_ACTION ITEM:_ Count every line in the data that contains the word "with", then report that number alone.

_RECORDS:_
* * *
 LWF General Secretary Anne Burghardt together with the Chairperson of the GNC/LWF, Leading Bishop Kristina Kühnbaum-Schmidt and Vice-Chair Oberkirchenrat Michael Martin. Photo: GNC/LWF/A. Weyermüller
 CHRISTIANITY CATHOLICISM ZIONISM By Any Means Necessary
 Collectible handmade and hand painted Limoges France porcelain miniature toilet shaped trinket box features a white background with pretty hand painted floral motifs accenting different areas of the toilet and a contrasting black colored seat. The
* * *
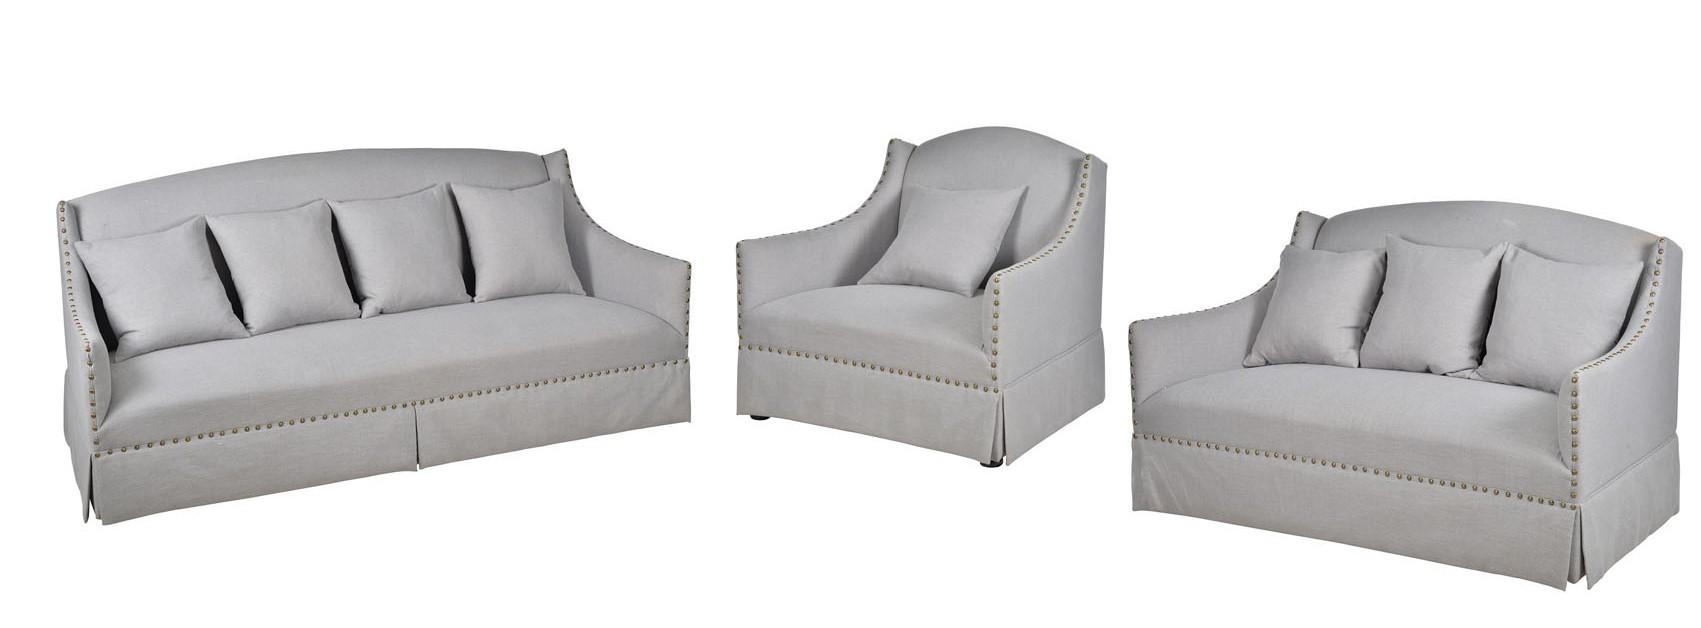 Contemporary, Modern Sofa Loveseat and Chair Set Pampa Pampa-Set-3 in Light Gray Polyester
* * *
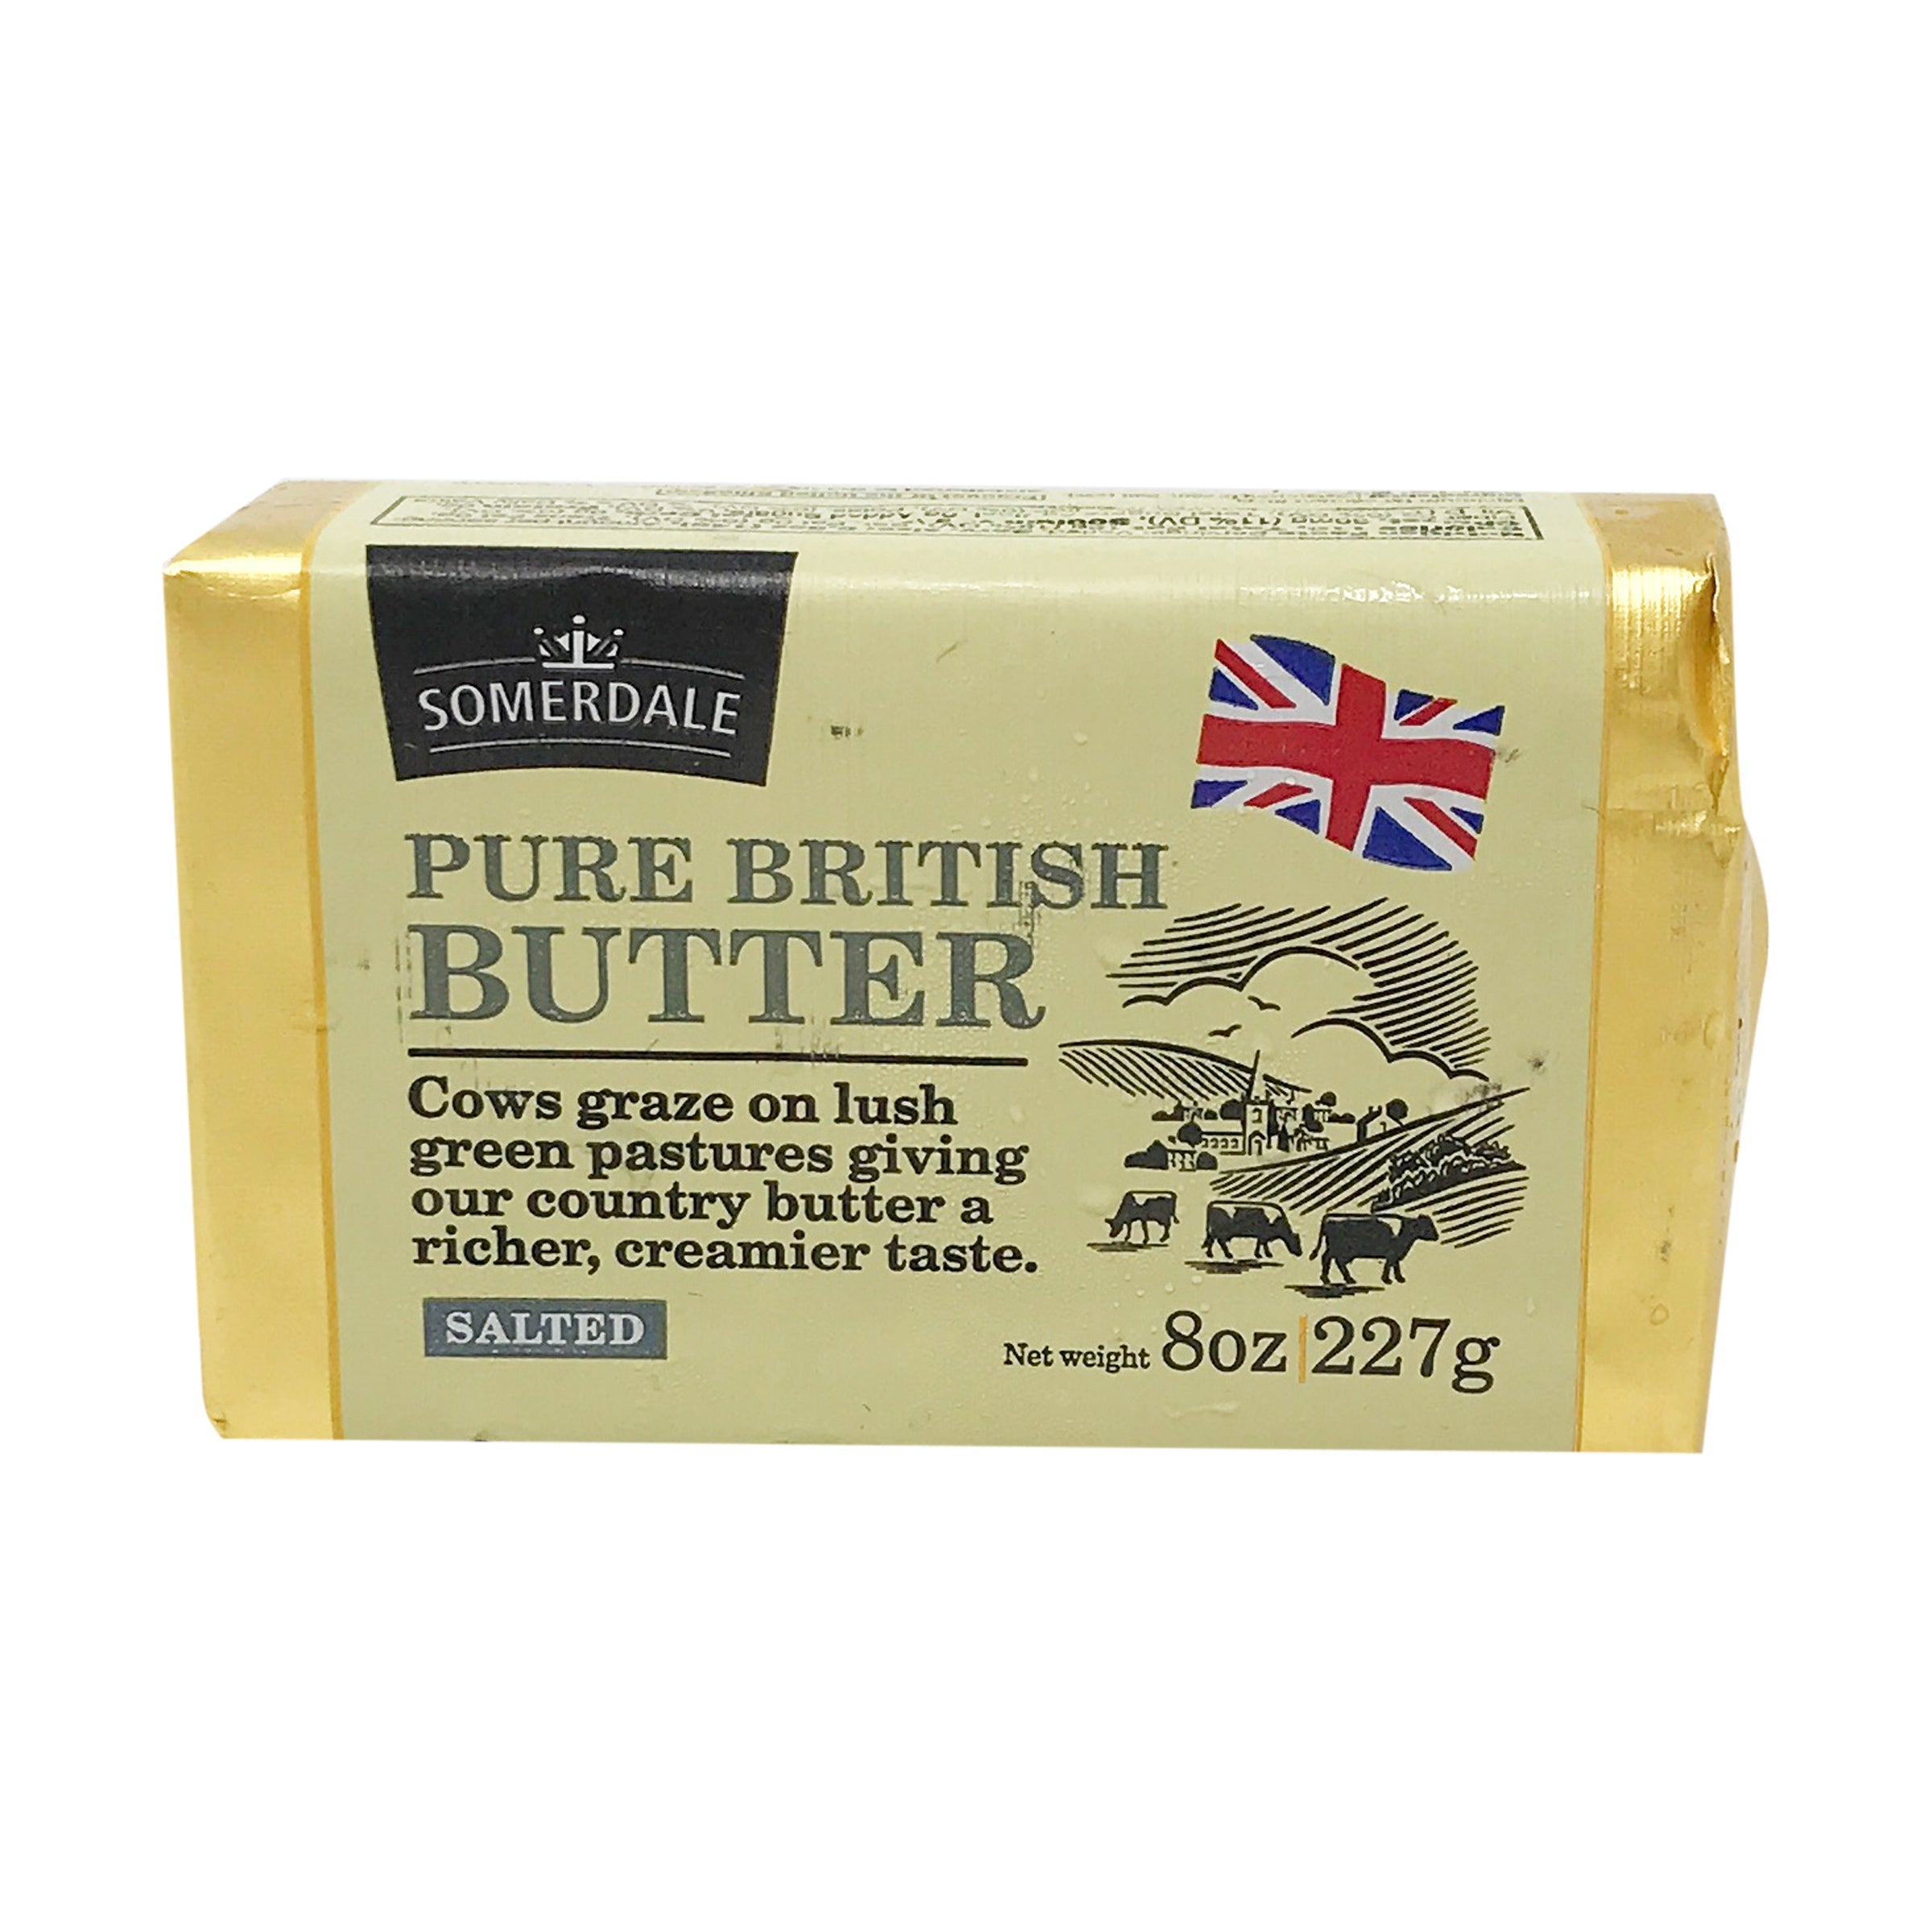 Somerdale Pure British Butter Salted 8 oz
* * *
_ANSWER AREA:_ 2